🤚 Gesture-Controlled Drone
Pilot a quadcopter with your hand using flex sensors and an MPU6050.
Overview
Ditch the joysticks. Build a wearable glove that reads your hand's tilt (roll/pitch) and finger curls (throttle/yaw) to wirelessly transmit control signals to a drone.

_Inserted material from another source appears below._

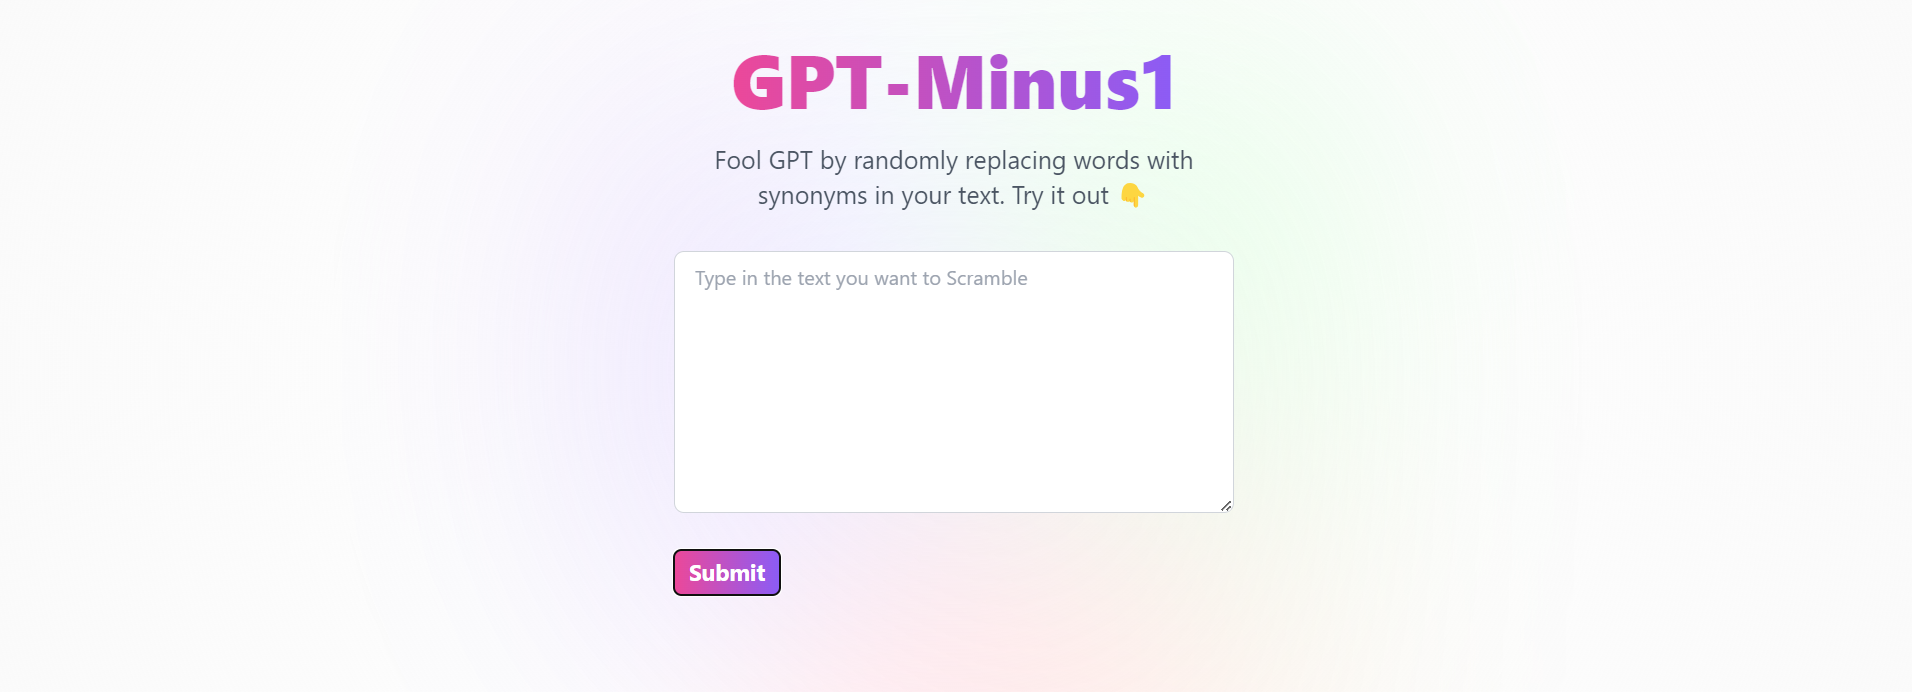 GPT – Minus1

What you'll learn: NRF24L01 radio protocols, analog mapping for flex sensors, and building custom wearable electronics.
Estimated time: 6-8 hours. Difficulty: ⭐⭐⭐⭐⭐ Expert.
Components Needed
| Component | Specification | Qty | Notes |
|---|---|---|---|
| Arduino Nano | x2 | 2 | Transmitter & Receiver |
| NRF24L01+ | 2.4GHz Transceiver | 2 | With antenna |
| MPU6050 | IMU | 1 | For glove tilt |
| Flex Sensors | 2.2 inch | 2 | For index/middle finger |
| Drone Kit | Compatible receiver | 1 |
Step-by-Step Tutorial
1
Sew the Glove
Carefully sew the flex sensors to the fingers of a tight glove. Mount the IMU and Nano on the back of the hand.
2
Read the Glove
Map the IMU pitch/roll to drone pitch/roll (-45 to +45 deg). Map the flex sensor analog values to throttle (0-100%).
3
Radio Transmission
Pack the 4 control values (Throttle, Yaw, Pitch, Roll) into a struct and transmit it via the NRF24L01.
4
Drone Receiver
The second Arduino receives the struct and generates a PPM (Pulse Position Modulation) signal that the drone's flight controller understands.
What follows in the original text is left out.